Ward explains that many cases that are presented are children that are had out of wedlock.

“A lot of people don’t bother to get married,” he said. “So, they come to us and say ‘so-and-so’ is the father and we will file a paternity case.”

Ward said they then ask for a DNA test.

“It is great because years ago, we didn’t have DNA tests,” he said. “We had paternity trials where we had to have a jury decide if he’s the daddy or not.”

He said that there were blood tests that would give a probability of 90%.

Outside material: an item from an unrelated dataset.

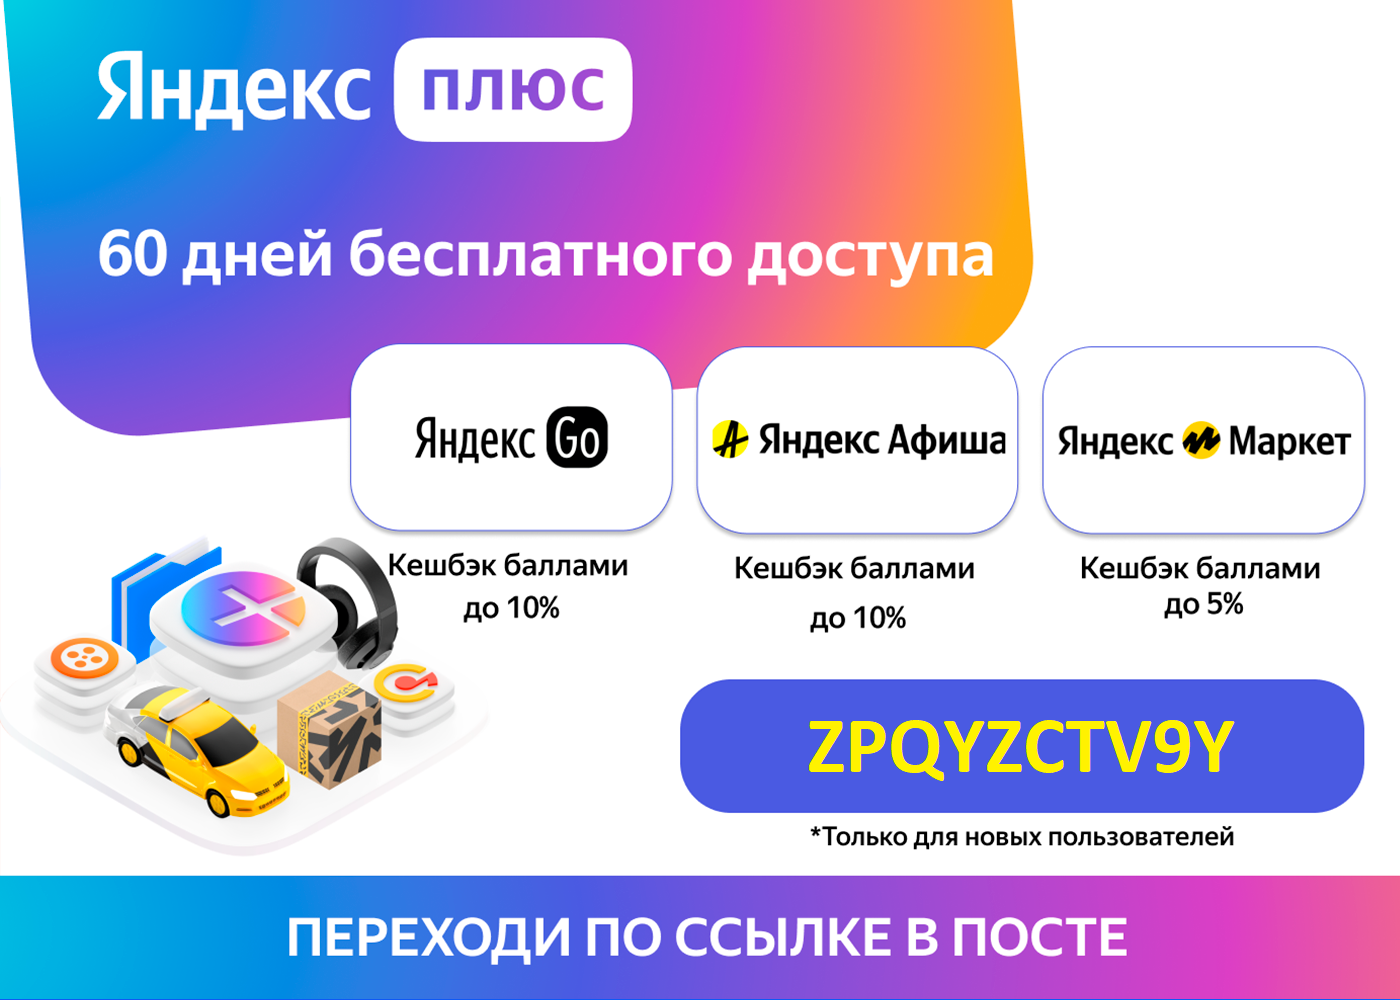 Яндекс - анализ компании: обзор, характеристика, финансовое положение

“Now, we have DNA and it pretty much nails them. Once the DNA is established, the judge will set a child support order,” Ward explained. “That’s our three big categories that we get cases out of.”

He said the fourth one is a minor one, but it is still one they have to take on.

“It’s a minor one, but it is one that might help some people,” he said. “It is what we call an interstate enforcement,”

The interstate enforcement is a treaty between states where orders are obeyed in each state.

“If there is an order from Kentucky saying that I’m supposed to be paying $300 a month in the divorce and that person moves to Michigan and never pays…then an order can be sent to Michigan.”

The Michigan Child Support Program will then enforce it, so the parent doesn’t have to travel.

“Because if the children are conceived in Kentucky, they got divorced in Kentucky, or they got married in Kentucky, whatever it is, there are ties in Kentucky,” Ward said.

He explained that there are orders sent to California, Michigan and Florida due to the interstate treaty.